World Mental Health Day
World Mental Health Day
In the picture with my son I was suffering bulimia, felt suicidal, was being attacked regularly, physically and mentally by my husband and no one knew. (Apart from my poor children).
Shortly after that photo I was put on antidepressants and from then to now I have put on lots of weight and feel about 40yrs older.
You see the abuse didn’t end when I left my abuser. For the last 3yrs I have dealt with court, and no funds for a solicitor, PTSD and solo parenting 4 mentally scarred children.
My relationship with my abuser was short but it was extreme and life changing.
In the present day I’m no longer needing mental health support and I’m healthy and well, mentally and physically, but I do look at these pictures and feel sad at what those 6yrs have done to mine and my children’s body and mind.
I know many of you will have a similar timeline of photos and you will be facing so many struggles on a daily basis. You will probably sit and think back to calmer times, when you had more freedom and felt more useful.
I have no advice to offer and no magical solution. No top tips from me today.

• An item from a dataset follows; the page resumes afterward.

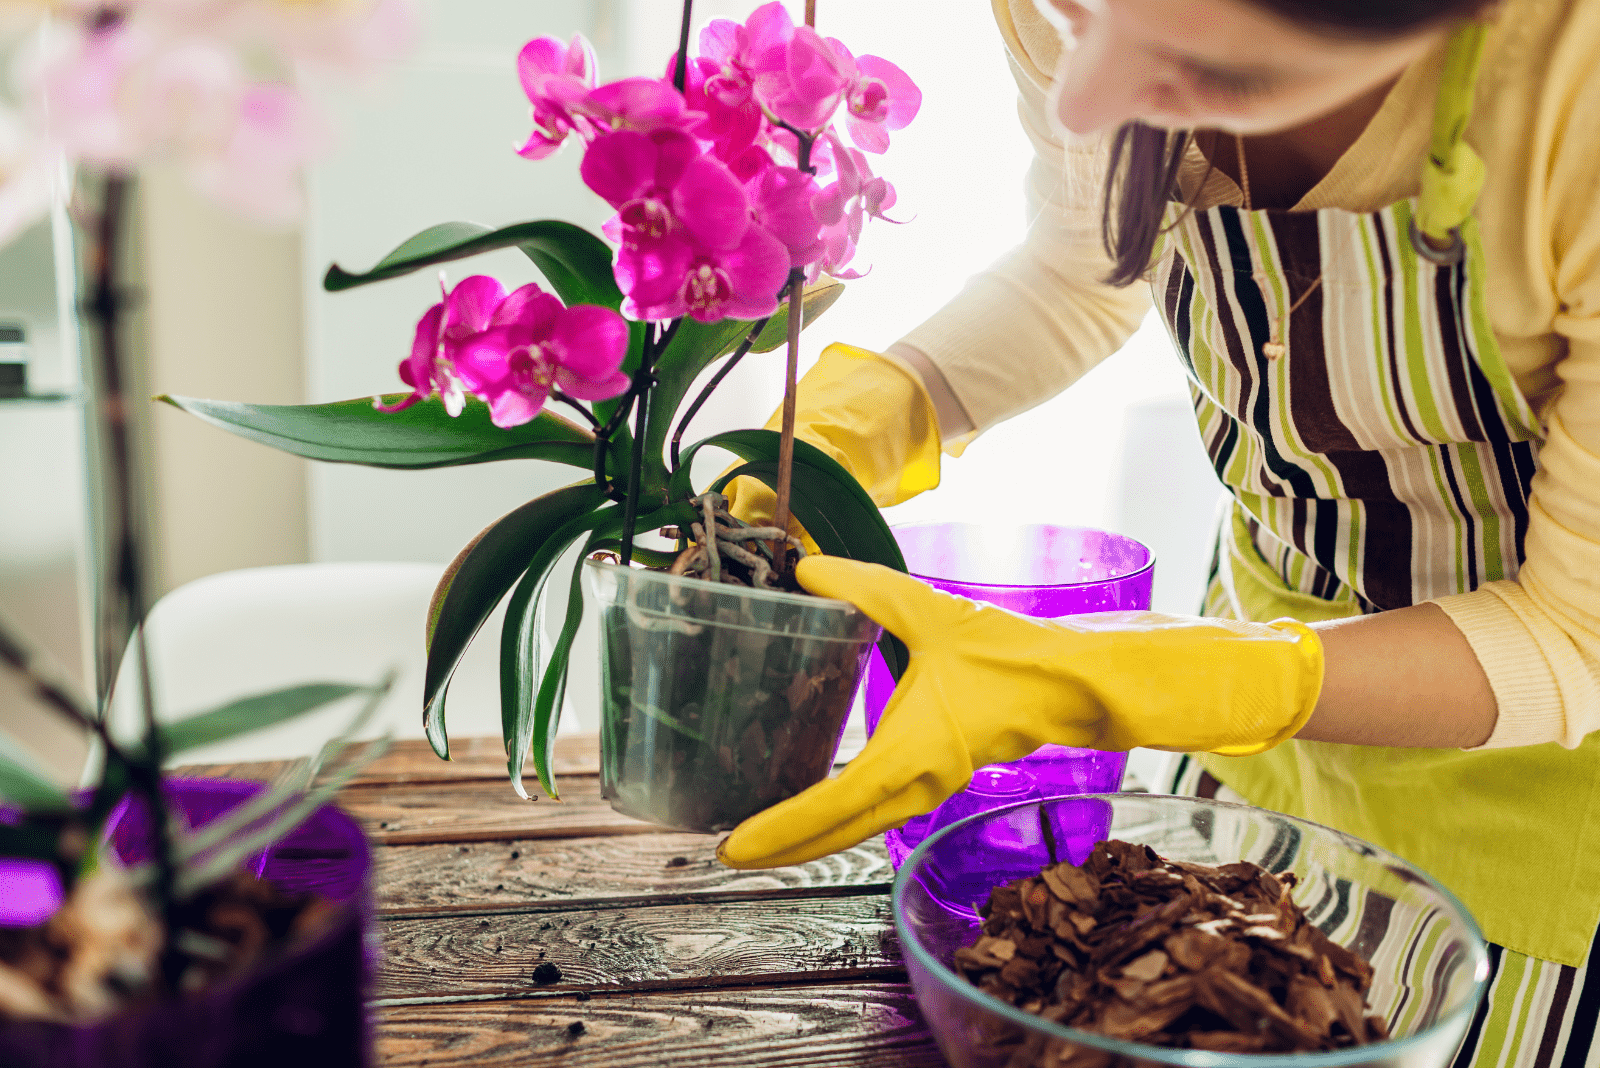 a woman transplants an orchid

I just want you to know that I do what I do because I want something better for the families I support. I want that because I know how horrible it can feel to be trapped and lost and broken by others and the systems.
I know what it’s like to be gaslighted and to call the police on someone you love. I know what it’s like to face court alone and to try every moment to keep the show on the road for your kids, whilst having panic attacks and breaking down in tears constantly. I know what it’s like to have put my kids at risk by allowing them to be around my attacker and I know what it’s like to parent in a way that I am not now proud of.

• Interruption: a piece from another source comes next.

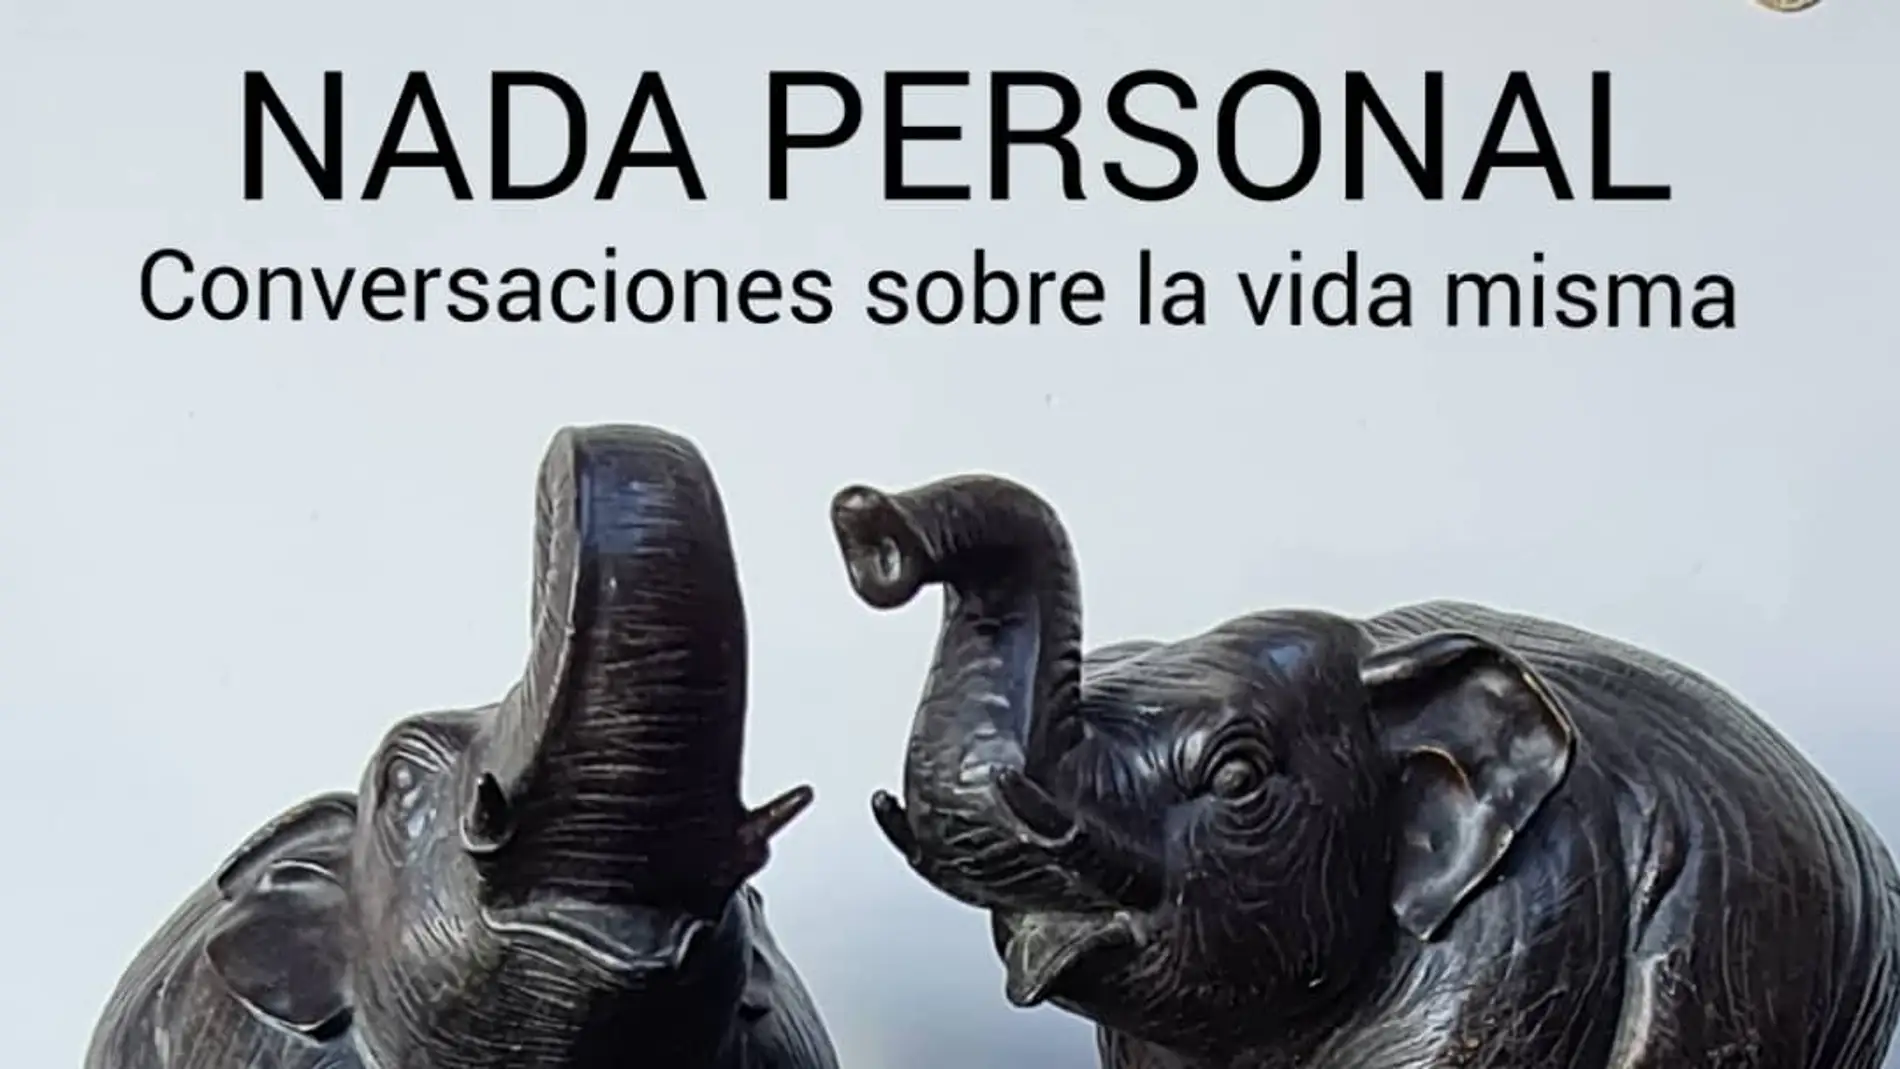 Podcast "Nada personal"

I don’t share feelings. I don’t like hugging others. I don’t like to cry, but I do like to find solutions to problems. That’s how I’ve always seen it. I move forward and I try to improve, day by day. Even if only in a tiny way, I seek out problems and I try to solve them.
If anyone needs any mental health support please know I am here and would never judge. Just messenger me and I can signpost or offer a kind word.
I have felt so alone in the past. So secretive and scared. The only way forward for me was to break the silence.
Much love and joy to you all today and always.